Bugün, adı Müslüman olanlarla
Hristiyanların ortak yanlışları:
- Kur’an ayetlerini görmezlikten
gelmeleri,
- Ayetleri birbirinden ayırıp
kopararak vahyi, vahiy dışı sözlerin altında değerlendirerek
gerçek mevzusundan saptırmaları,
- Peygamberlerini olduğundan daha farklı
konumlarda görmeleri,
- Allahın Yetkilerini din adamlarına
devrederek, Gerçek öğretiden oldukça sapmış bulunmaları,
- Eski öğretilere yapışmış, yeni düşünce
ve değerlendirmelerden kaçmaları,
- Yanlış değerlendirmeler üzerinde
ısrar edip, bunları terk etmemeleri,
- Temelde uzlaşma, birbirine yaklaşım
ve ıslah değil, kavga ruhunun körüklenmesi. Uzun zaman içinde
Katılaşmış tutumların yumuşatılmaması.
Anlaşılması gereken bazı kavramlar;
Rabbimiz, bizlere gönderdiği mesajlarını,
açıklayıcı “Simgeler”, “Misaller” halinde vermiştir. Bunların
tefsir ve tabirini gerçek mevki ve mevzisine oturtarak yapmalıdır.

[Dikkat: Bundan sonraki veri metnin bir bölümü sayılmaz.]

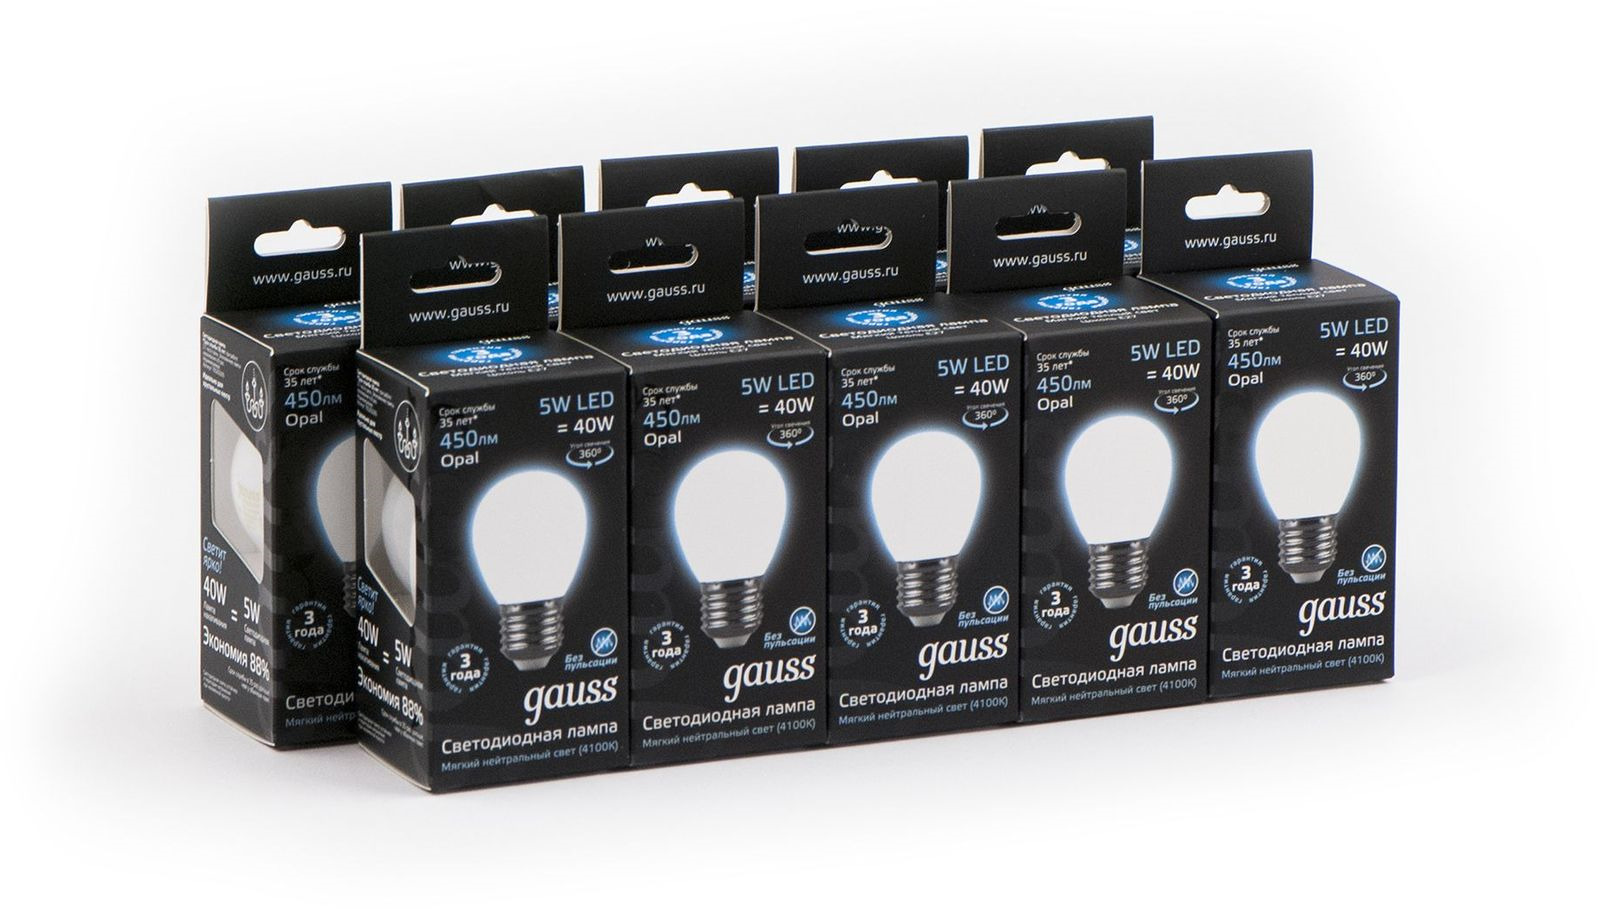 Лампочка Gauss Светодиодная Black Filament Шар Opal 10 шт, Нейтральный свет 5 Вт, Светодиодная лампочка gauss black filament opal led свеча e14 5w 103201105

Bunu en doğru olarak yine vahyin kendisi yapmaktadır. Yeterki insanlar
onun yorumunu yine ona bıraksın. Onun sözüne dışardan söz
katmayalım başka sözü onun önüne ve üstüne koymayalım.
Rasulleri birbirinden ayırmamak gerekir.
Hepsi, hepimizin peygamberidir. Onları aralarında birbiriyle yarıştırmak,
yanlıştır. Artık bu çocukluk ve lüzumsuzluktan kurtulmak gerekir.
Allahın birliğine ve Ahirete inanan tüm
insanlar, Vahye uymalı onu kesinlikle başka söze denk tutmadan kabul
edip tabi olmalıdır.
Rabbimiz, İsa aleyhisselam için şöyle
der: “O Yakınlarımızdandır, Ondan Razıyım”
burada “yakın” kelimesi; simgesel
olarak algılanamamış, O zamanki (iki bin yıl öncesinin ve
toplumunun) anlayışı ile; beşeri bir yaklaşım ve yorumla Rabbin
“oğlu” olarak zannedilmiş olduğunu görüyoruz.
Halbuki “Allahın yakını olmak” beşeri
anlamından artık çıkarılıp, gerçek makamına verilmelidir.
Allahın birliği bilindiği halde halen
“Üçtür” gibi ayrılık ifade eden tarzdan artık kurtulmalıdır.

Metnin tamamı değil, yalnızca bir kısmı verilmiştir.